Тихо вошел Смольянинов. Сел у секретарского стола, неловко придавил перевязанной рукой лист и принялся что-то записывать, по-гимназистски склонив голову набок.
– Как же лишить революционеров рабочей п-поддержки? – спросил статский советник, пытаясь понять, что означают розовые пятна.
– Очень просто. – Было видно, что Зубцов говорит давно обдуманное, наболевшее, и не просто теоретизирует, а, кажется, рассчитывает заинтересовать своими идеями важного петербургского человека. – Тот, кому сносно живется, на баррикады не пойдет. Если б все мастеровые жили, как на предприятиях Тимофея Григорьевича Лобастова – с девятичасовым рабочим днем, с приличным жалованьем, с бесплатной больницей и отпуском – господам Гринам в России делать было бы нечего.
– Но как живется рабочим, зависит от заводчиков, – заметил Пожарский, с удовольствием глядя на молодого человека. – Им же не прикажешь платить столько-то и заводить бесплатные больницы.
– Для того и существуем мы, государство. – Зубцов тряхнул светло-русой головой. – Именно что приказать. Слава богу, у нас самодержавная монархия. Самым богатым и умным разъяснить, чтоб поняли свою выгоду, а потом закон провести. Сверху. О твердых установлениях по условиям рабочего найма. Не можешь соблюдать – закрывай фабрику. Уверяю вас, что при таком обороте дела у государя не будет более верных слуг, чем рабочие. Это оздоровит всю монархию!
Пожарский прищурил черные глаза.
– Разумно. Но трудновыполнимо. У его величества твердые представления о благе империи и общественном устройстве. Государь считает, что царь – отец подданным, генерал – отец солдатам, а хозяин – отец работникам.

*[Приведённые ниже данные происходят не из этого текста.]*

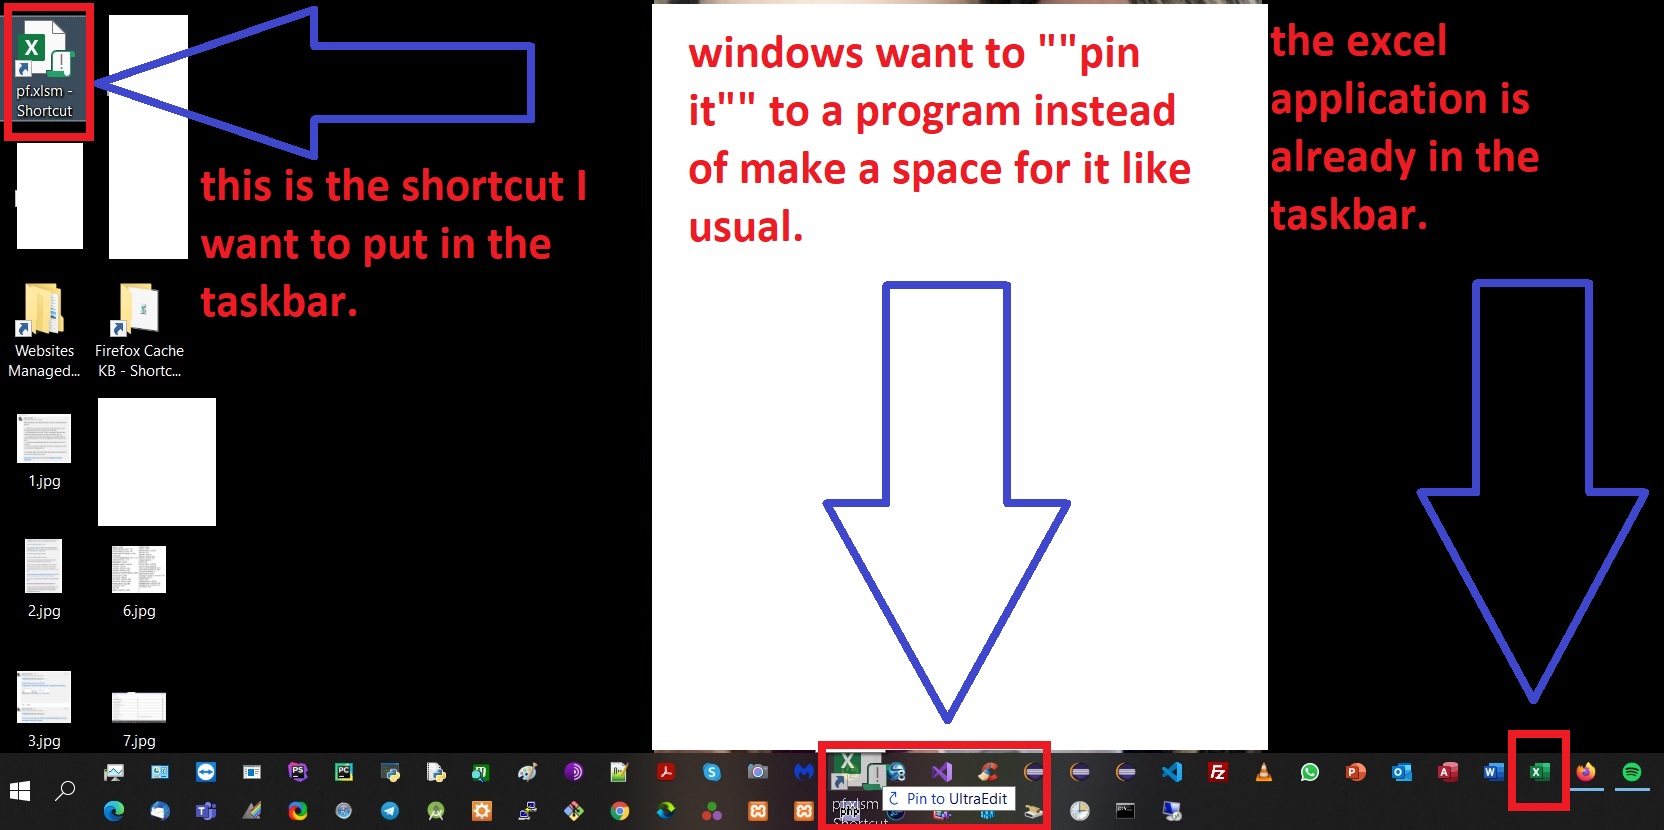 cannot pin shortcuts to taskbar sometimes d3c6d6f4-a80f-499a-a2c5-01445f0a68c1?upload=true.jpg

Вмешиваться в отношения отца с сыновьями непозволительно.
Голос Зубцова стал мягким, осторожным – видно было, что он подбирается к главному.
– Вот и надо бы, ваше сиятельство, продемонстрировать верховной власти, что рабочие хозяину никакие не сыновья, что все они, и фабриканты, и фабричные, в равной степени чада его величества. Хорошо бы, не дожидаясь, пока революционеры окончательно сорганизуют мастеровых в неподконтрольную нам стаю, перехватить первенство. Заступаться за рабочих перед хозяевами, иногда и надавить на заводчиков. Пусть простые люди понемногу привыкают к мысли, что государственная машина охраняет не денежных мешков, а трудящихся. Можно было бы даже посодействовать созданию трудовых союзов, только направить их деятельность не в ниспровергательное, а в законопослушное, экономическое русло. Самое время этим заняться, ваше сиятельство, а то поздно будет.